● **Your instructions**: Give again, exactly as written, the lines of the records below from the line with "Small Daisy Flower" to the line with "At MAGAland, Mitch". Both end lines count; pictures do not.

● **Supplied data**:
Content starts
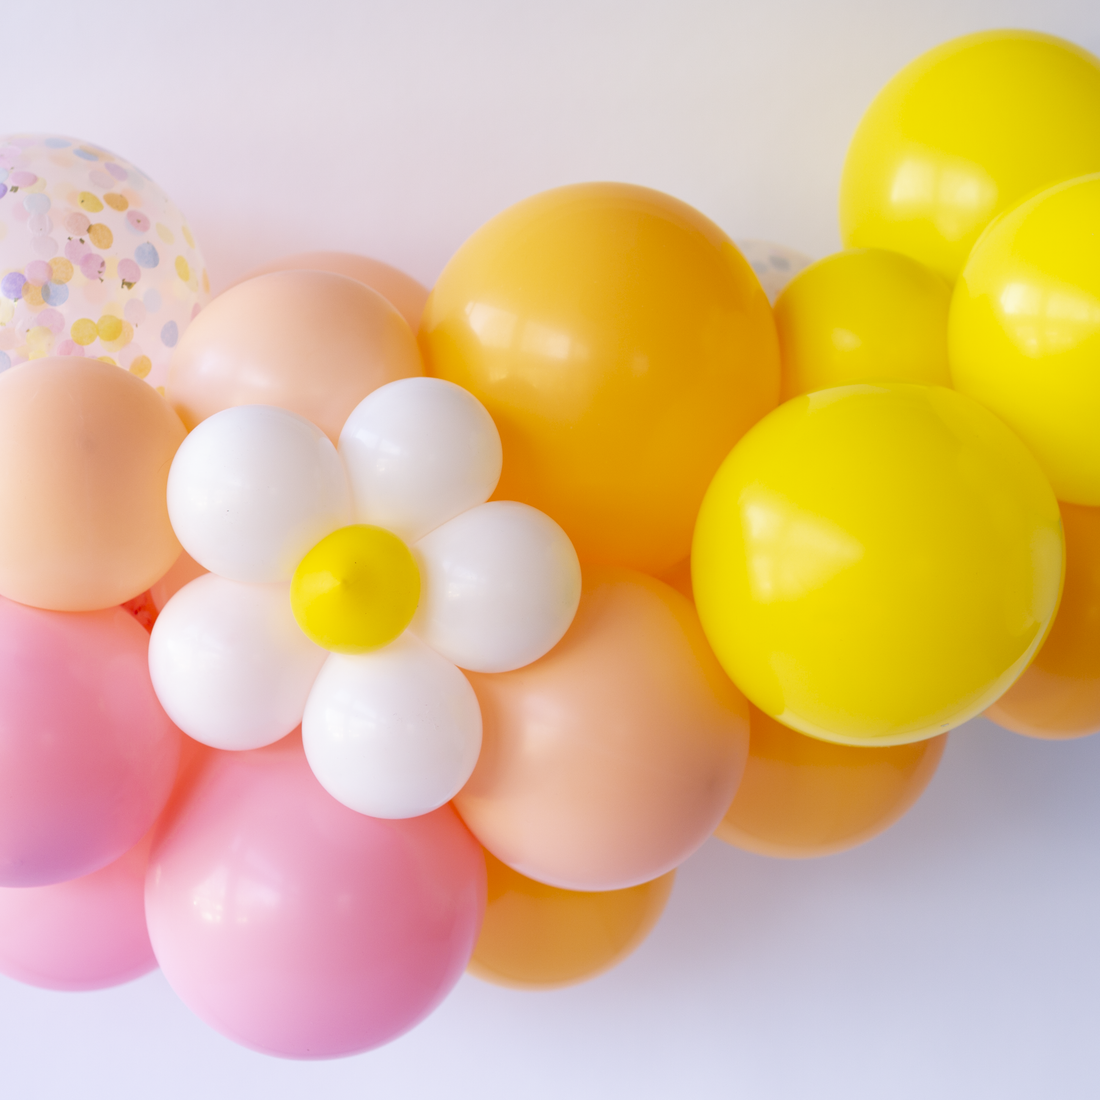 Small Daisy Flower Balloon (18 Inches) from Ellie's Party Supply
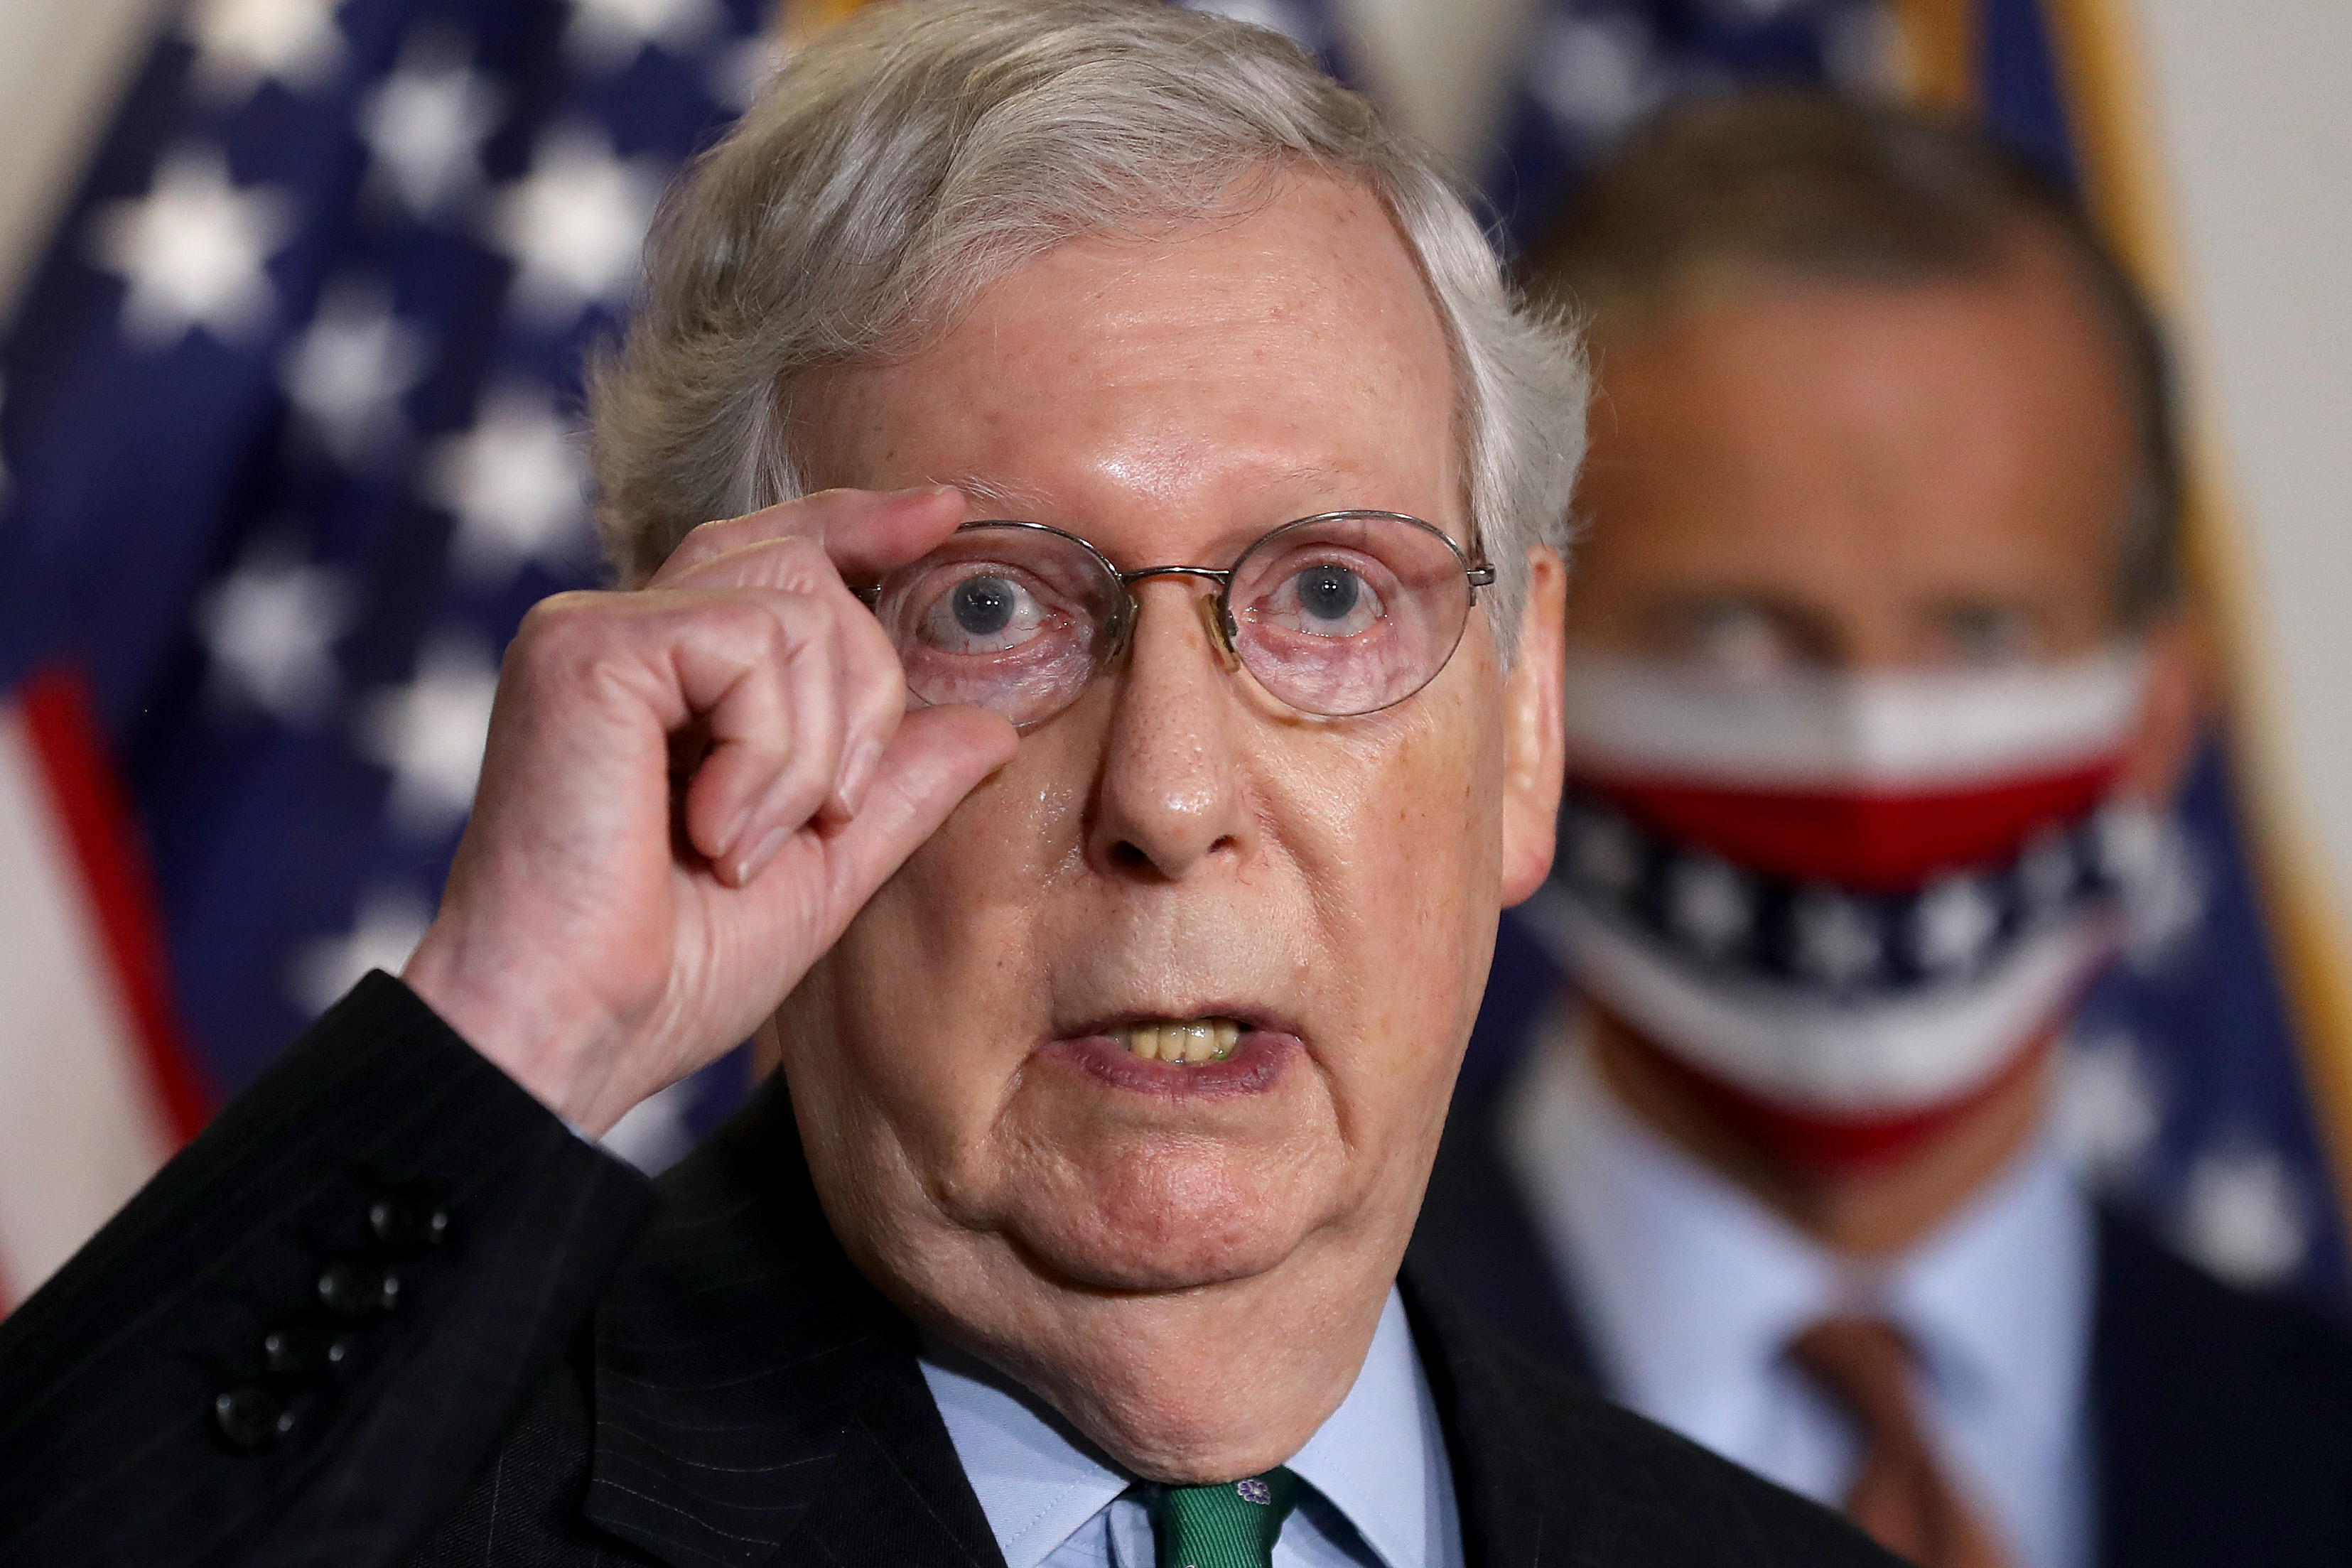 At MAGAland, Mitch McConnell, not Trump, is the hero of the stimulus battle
Content ends
Content starts
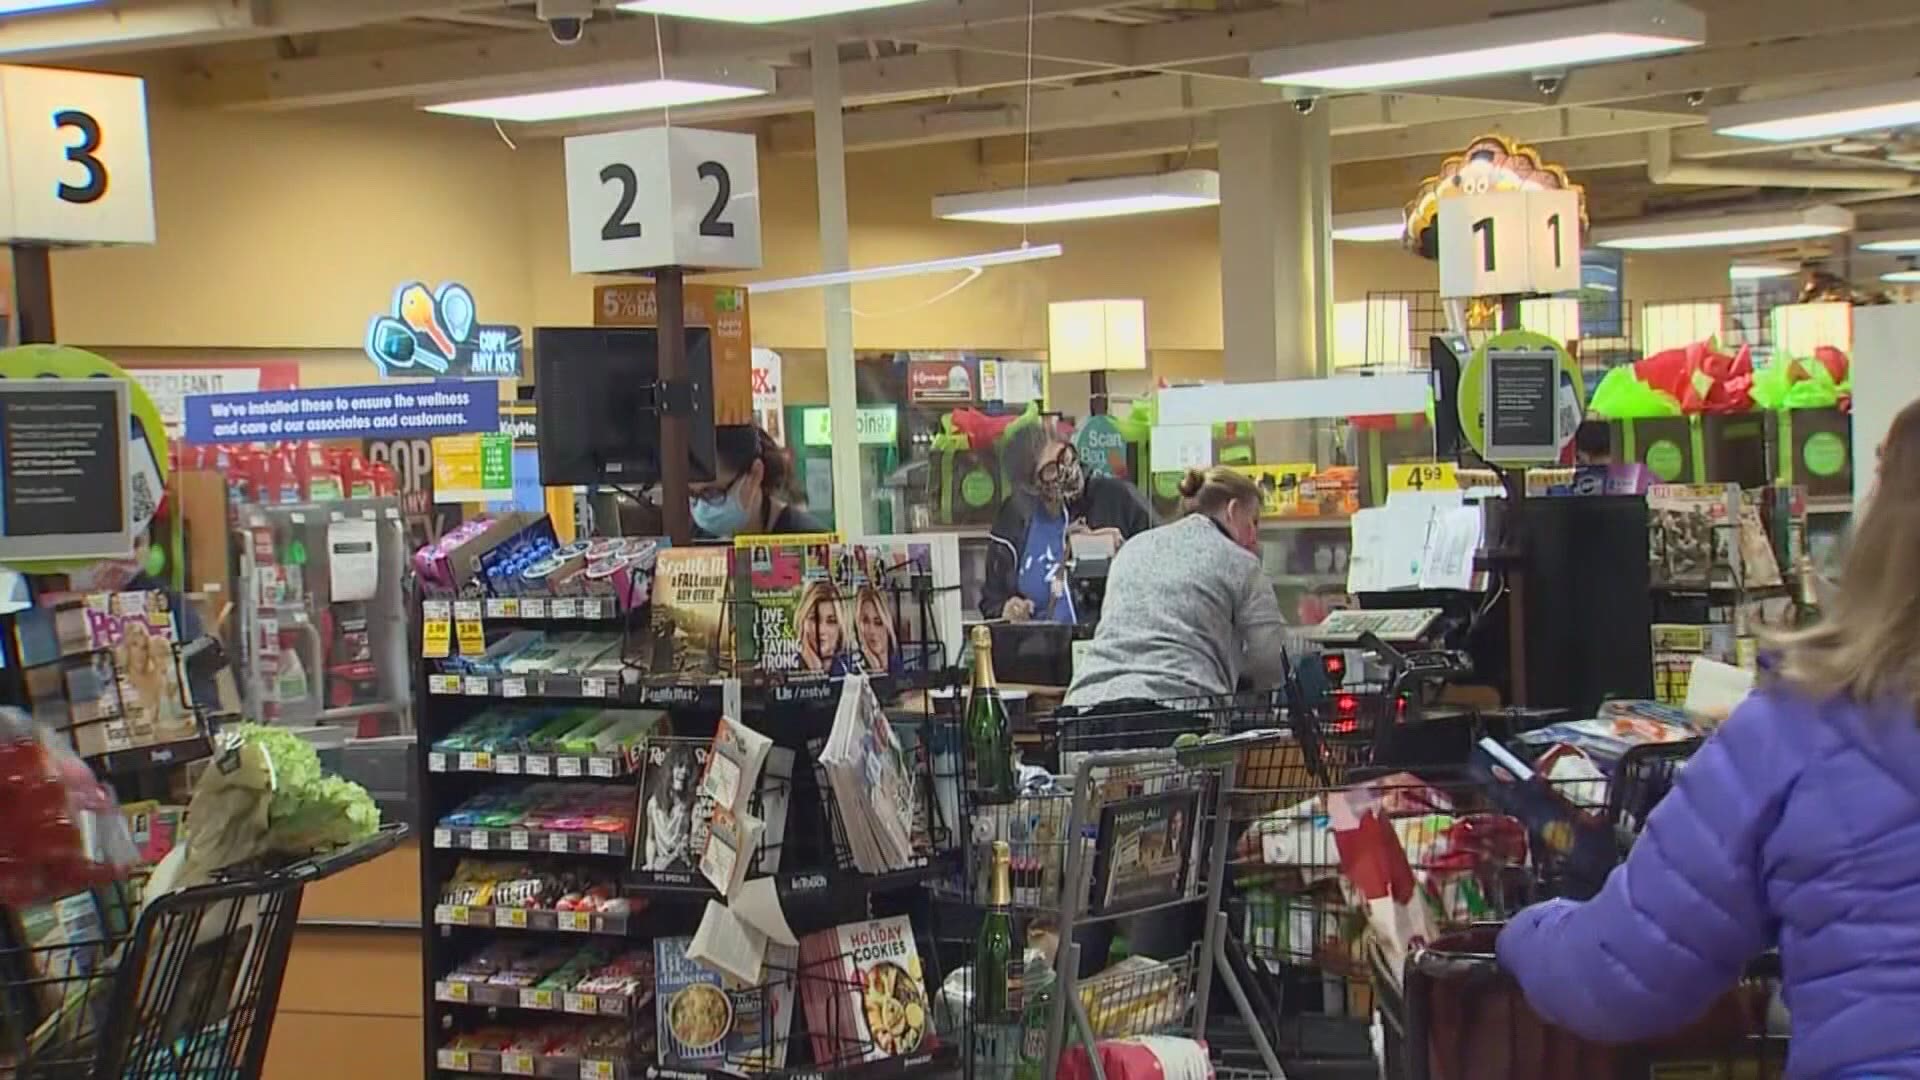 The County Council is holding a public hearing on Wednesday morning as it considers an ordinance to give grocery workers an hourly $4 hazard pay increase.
Content ends
● **Task solution**:
 Small Daisy Flower Balloon (18 Inches) from Ellie's Party Supply
 At MAGAland, Mitch McConnell, not Trump, is the hero of the stimulus battle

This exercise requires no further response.